Figure 5.. Autonomous activation of CaMKII is increased in MetS hearts and is unchanged by ISO.

A. Representative Western Blot images of total and phosphorylated CaMKII at T287 and GAPDH, obtained from heart homogenates from CTL and MetS rats in the presence (1 μM) or absence of isoproterenol (ISO). B. CaMKII protein expression normalized against corresponding GAPDH C. Phosphorylation levels of CaMKII at T287 normalized against corresponding total CaMKII. Data are expressed as mean ± SE, N= 5 animals for each experimental condition. *P ≤ 0.05 with respect to the CTL group.

Figure 6.. Incubation with AIP prevents exacerbated diastolic Ca²⁺ leak induced by the β-adrenergic stimulus in isolated MetS cardiomyocytes.

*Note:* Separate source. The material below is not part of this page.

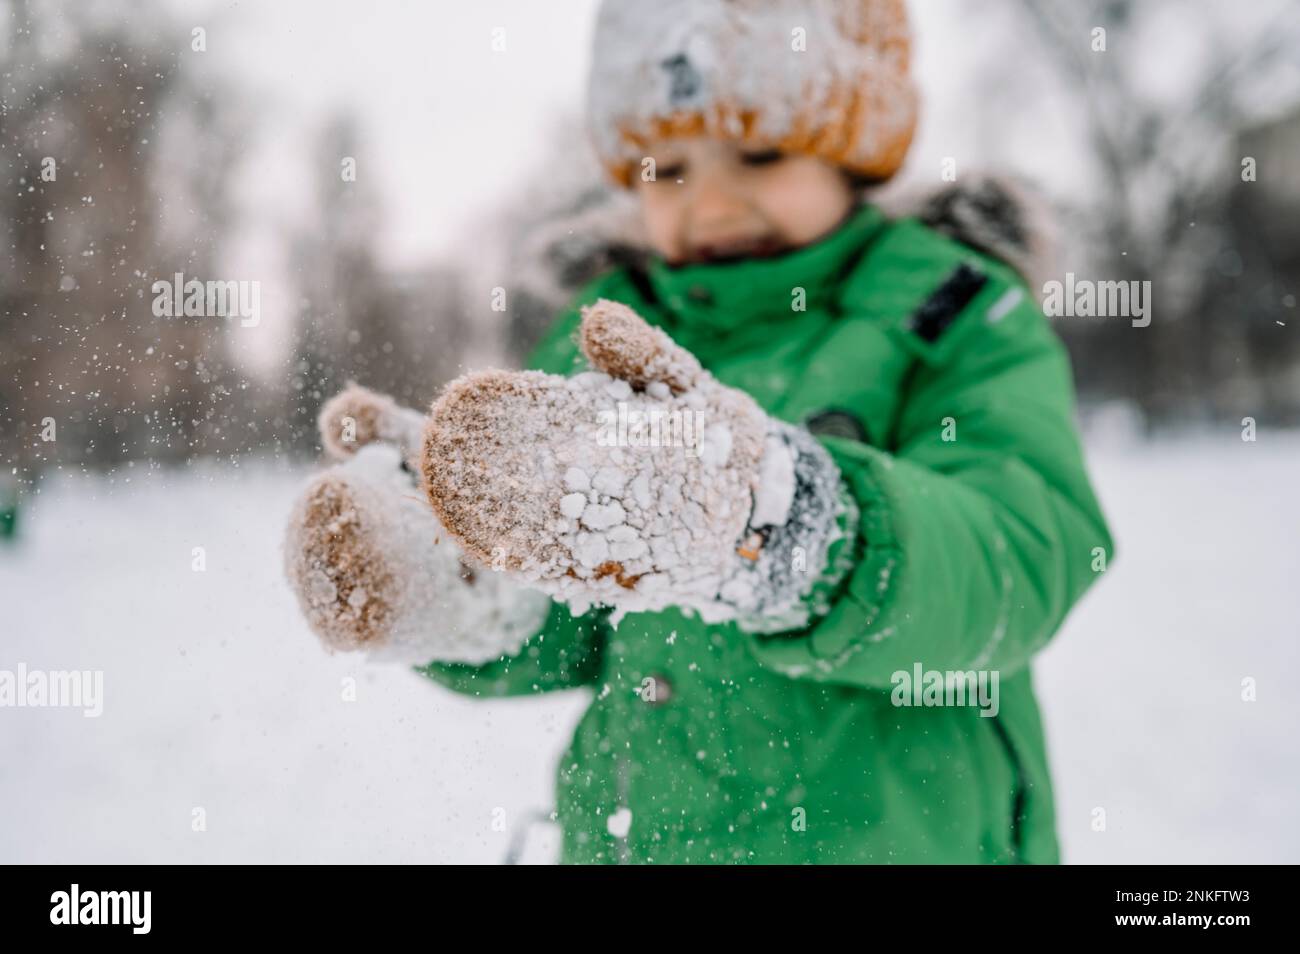 Ein Junge mit Handschuhen, der mit Schnee spielt Stockfoto
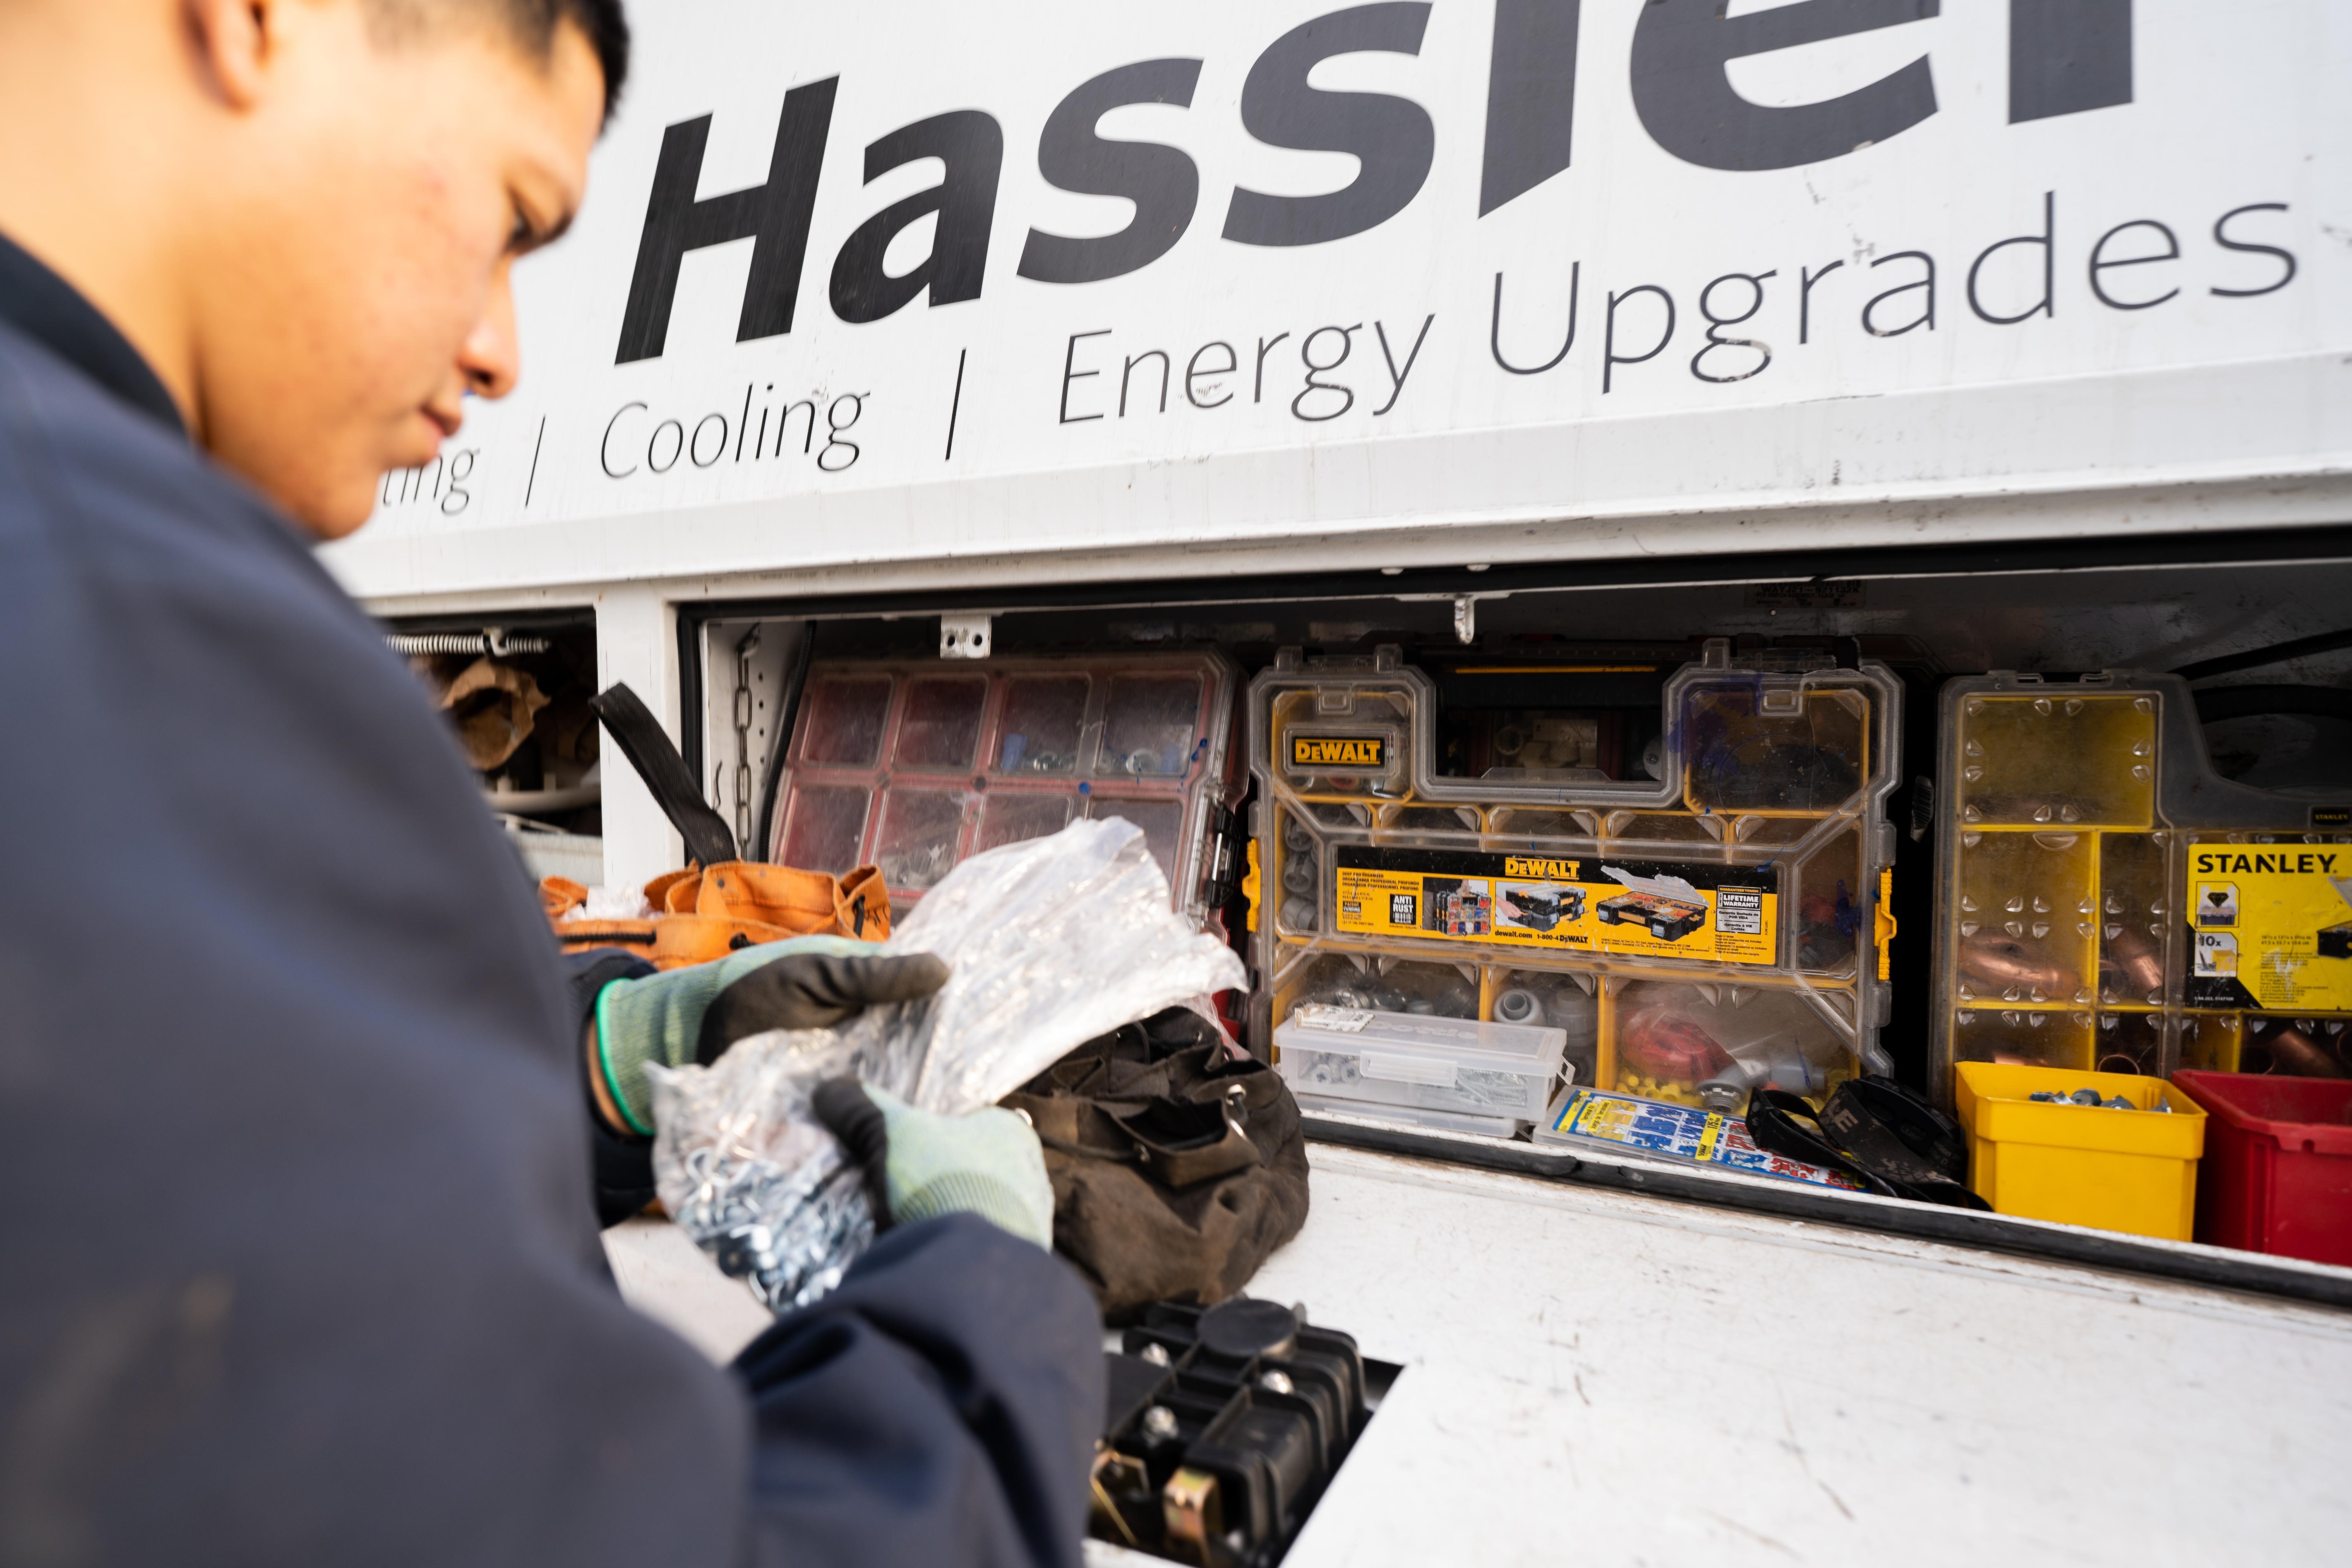 Hassler tech working inside a truck

Representative pseudo-colored confocal images of Ca²⁺ sparks (A) and Ca²⁺ waves (B) recorded in quiescent Fluo-3 loaded cardiomyocytes from CTL and MetS rats pre-incubated with AIP 10 μM, in the presence or absence of isoproterenol (ISO, 100 nM). Bar graphs of Ca²⁺ spark frequencies (C, in events/s * 100 μm) and Ca²⁺ wave frequencies (D, events/s) for the different experimental conditions. E. Caffeine-evoked Ca²⁺ transient amplitude (ΔF/F₀) of Fluo 3-loaded cardiomyocytes from CTL and MetS rats pretreated with AIP (10 μM), and perfused with recording solution in the presence of isoproterenol (ISO, 100 nM) or in its absence. F. Bar graph of basal fluorescence (F₀) determined in Fluo 3-loaded, AIP-treated cardiomyocytes of CTL and MetS rats before and after ISO administration. All values are presented as mean ± SE. Ca²⁺ sparks, Ca²⁺ waves and F₀ data are obtained from n=25 cells from N= 6 rats for each experimental condition. Caffeine-evoked Ca²⁺ transient data are obtained from n_CTL= 9 cells, n_CTL+ISO= 6 cells, n_MetS= 9 cells and n_MetS+ISO= 9 cells, from N = 3 rats for each experimental condition. *P ≤ 0.05 respect to the CTL group, † P ≤ 0.05 respect to the CTL + ISO group and # P ≤ 0.05 respect to the MetS group.